At this morning’s Association of Change Management Professionals (ACMP) conference keynote address, New York Times Best Selling Author Daniel Pink gave us insight into the shift in the ABCs of selling. In the business climate of yesterday, where the sellers had the information and the mantra of “Buyer Beware” reigned, the ABCs for sales folks stood for “Always Be Closing.”
More recently, with all of the data that has become available, buyers have regained the upper hand, and we now live in a world of “Seller Beware.” In this system, the “new” ABCs are: Attunement, Bouyancy, and Clarity.
- Attunement: Are we in touch with the other party’s perspective (or is it all about me)?
- Buoyancy: How well do I react to rejection?
- Clarity: Can I make sense of the information available to me?
While Pink geared his comments towards selling, similar thinking (and the same ABCs) can be applied to the Change Management practices and gaining user adoption.
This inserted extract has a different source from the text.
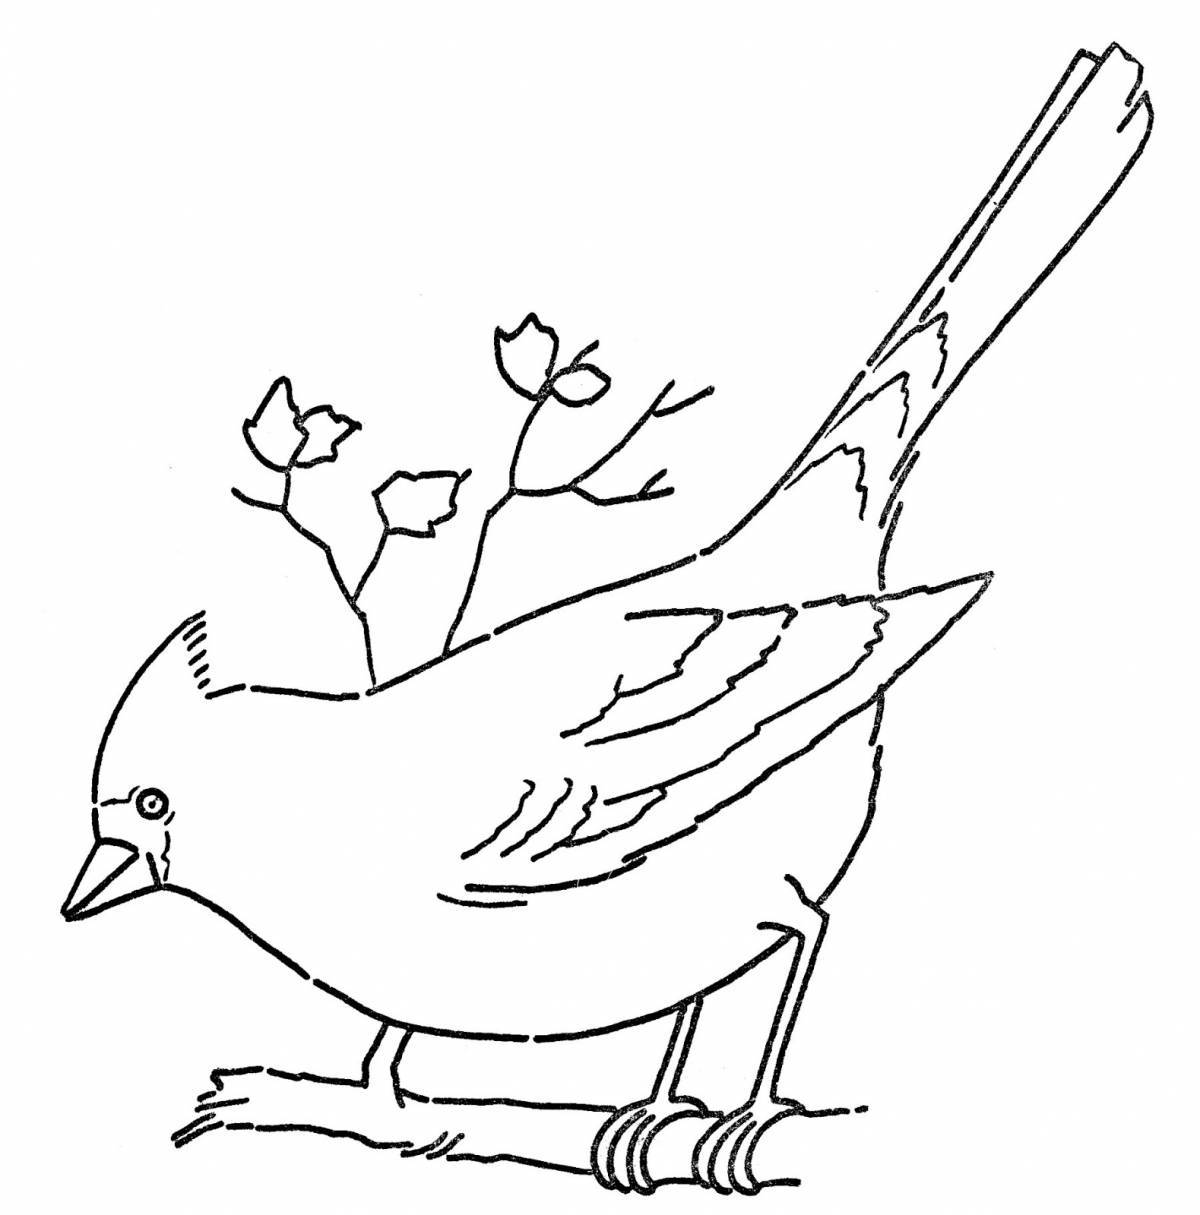 Vibrant waxwing coloring page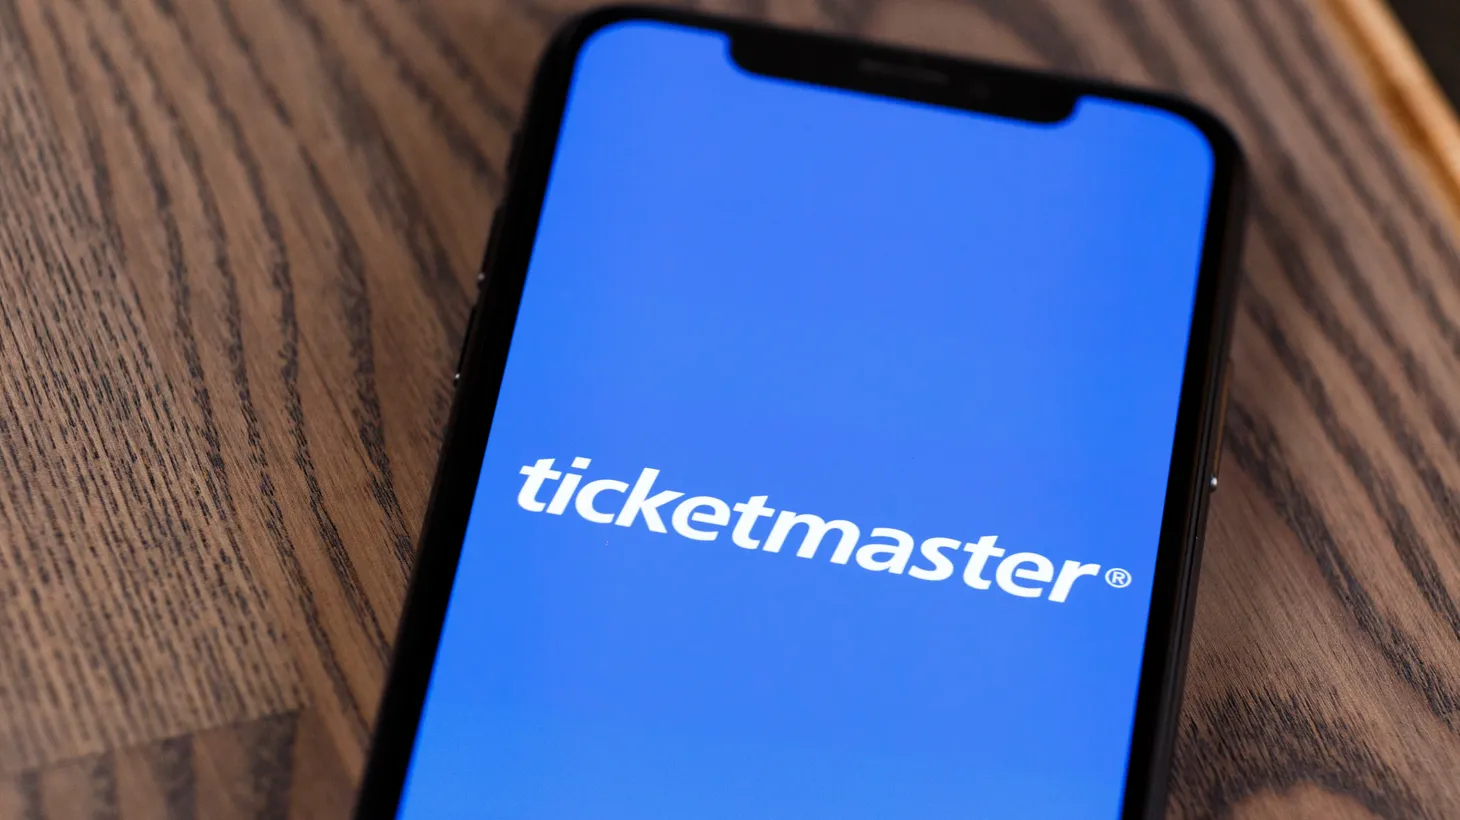 “If you look at the big events, the top 100 arenas in this country, Ticketmaster has exclusive contracts with 80 of them. And the fact that Ticketmaster has this relationship with Live Nation means that it has deep pockets, so that it can go out and secure new clients or maintain the clients that it has,” says Dean Budnick.

- Attunement: Am I looking at THIS project for what it will mean for THESE users and how it will impact them? If so, am I gearing my messages, and potentially trainings, to where they are today, or am I following a script that I’ve used on 100 projects before?
- Buoyancy: How will I react when one of my ideas doesn’t work or one of my messages doesn’t land well? Am I confident enough to bounce back? Am I brave enough to even try something different?
- Clarity: How am I collecting, and more importantly using, the data (project, cultural, feedback, etc.) data available to me? Is it just “there,” or am I using it strategically to engage my clients in effective ways?
In many ways, Change Management is all about selling. Most projects succeed or fail, not on the technology, but on the users’ ability to adopt the new solution. As Change practitioners, our challenge is squarely before us, and we’d be wise to apply the new ABCs of selling to our engagements to get the successful results we all seek.